I agree with this. There is no such thing as “pure water,” all has some non H20 contents. And even if you were limiting to “natural water” like streams/lakes, then tap water is excluded because it’s been treated with various things. 

On top of that, I was baptized in a public swimming pool, but it was by an evangelical, ordained minister. I consider it valid. So, as Taylor said, I think it has to do with the superstition.


----------



## Polanus1561 (Oct 30, 2022)

ZackF said:


> Why can’t doctrine on the sacraments be discussed?

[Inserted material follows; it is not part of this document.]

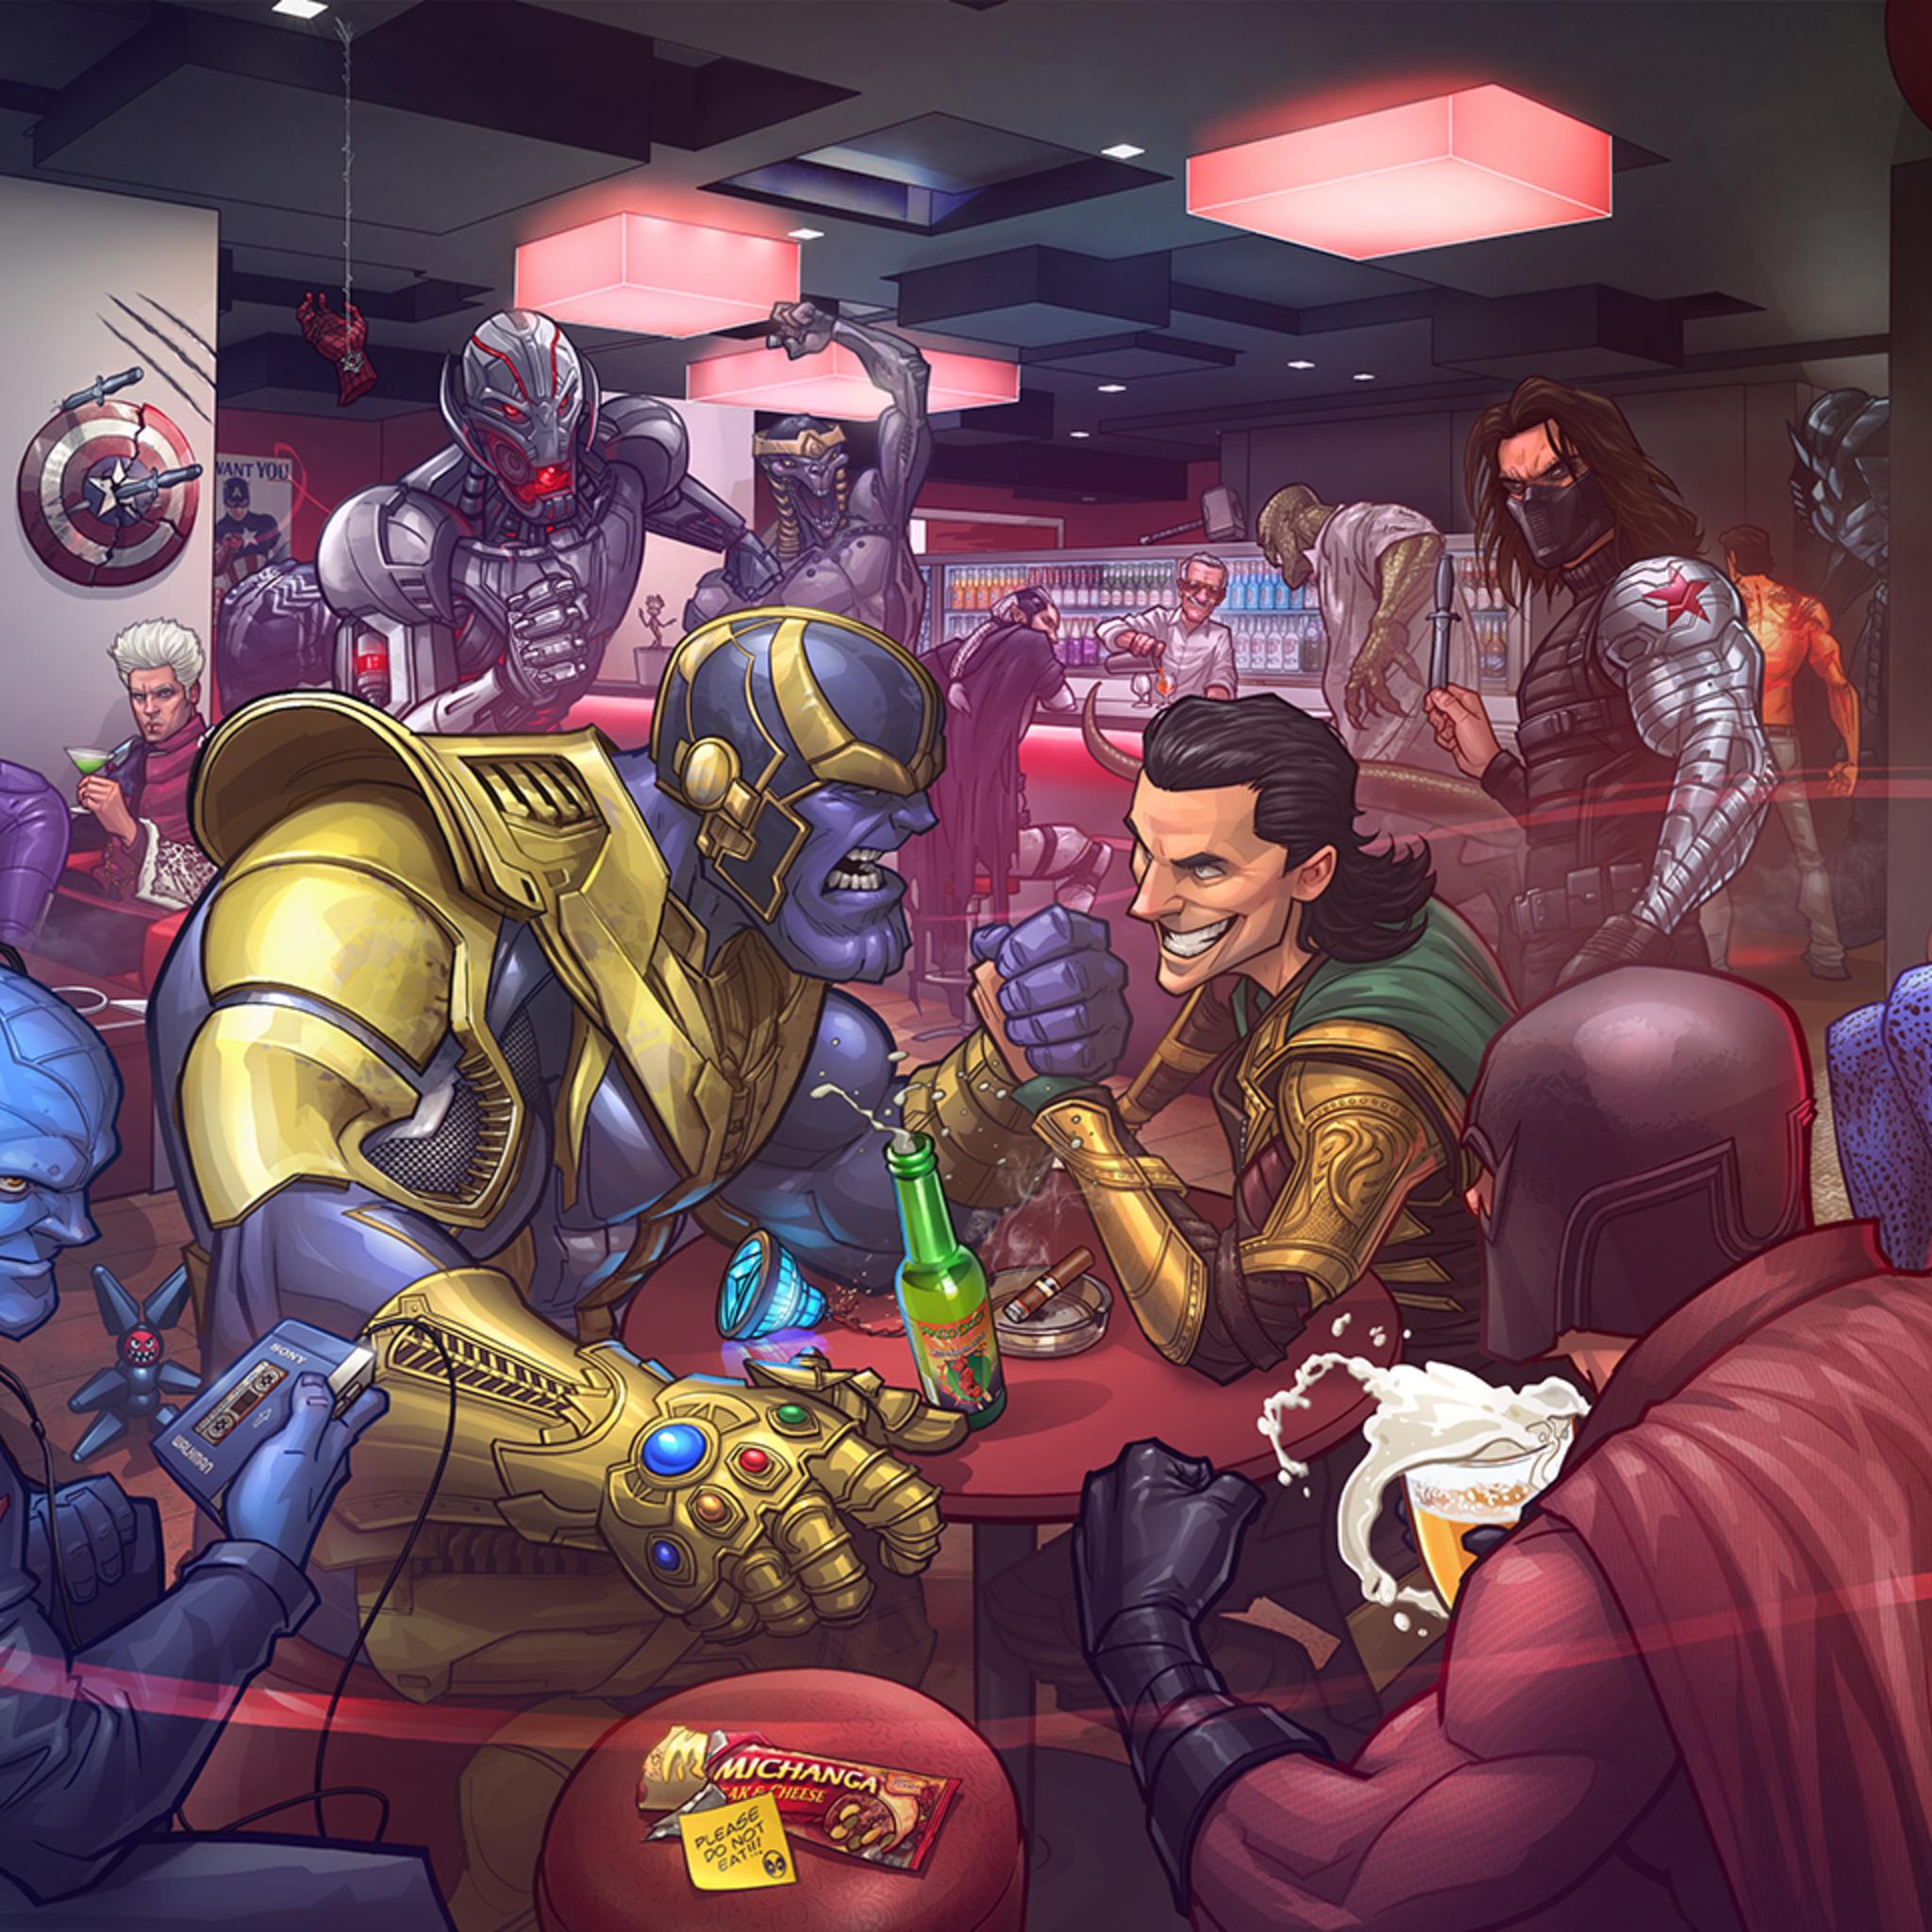 Download Wallpaper Marvel Ipad Air - marvel-villains-jo-2048x2048  Perfect Image Reference_9495.jpg

There are going to be a limited number of mods online (not saying anyone here is going to break rules). I would think heavy theological discussion could wait for any other time than a Lord’s day morning. But don’t mind me. I’ll bow out.


----------



## Parakaleo (Oct 30, 2022)

Polanus1561 said:


> There are going to be a limited number of mods online (not saying anyone here is going to break rules). I would think heavy theological discussion could wait for any other time than a Lord’s day morning. But don’t mind me. I’ll bow out.


I had not considered that any kind of discussion where disagreement is probable to likely might require attention from the moderators, who are due a rest from moderating. That is a fair point and I will hold off on revisiting this until another day.


----------



## lynnie (Oct 30, 2022)

"Blake, I wonder if your question might not be moot since if an RC priest performs the baptism in the first place, it is invalid. "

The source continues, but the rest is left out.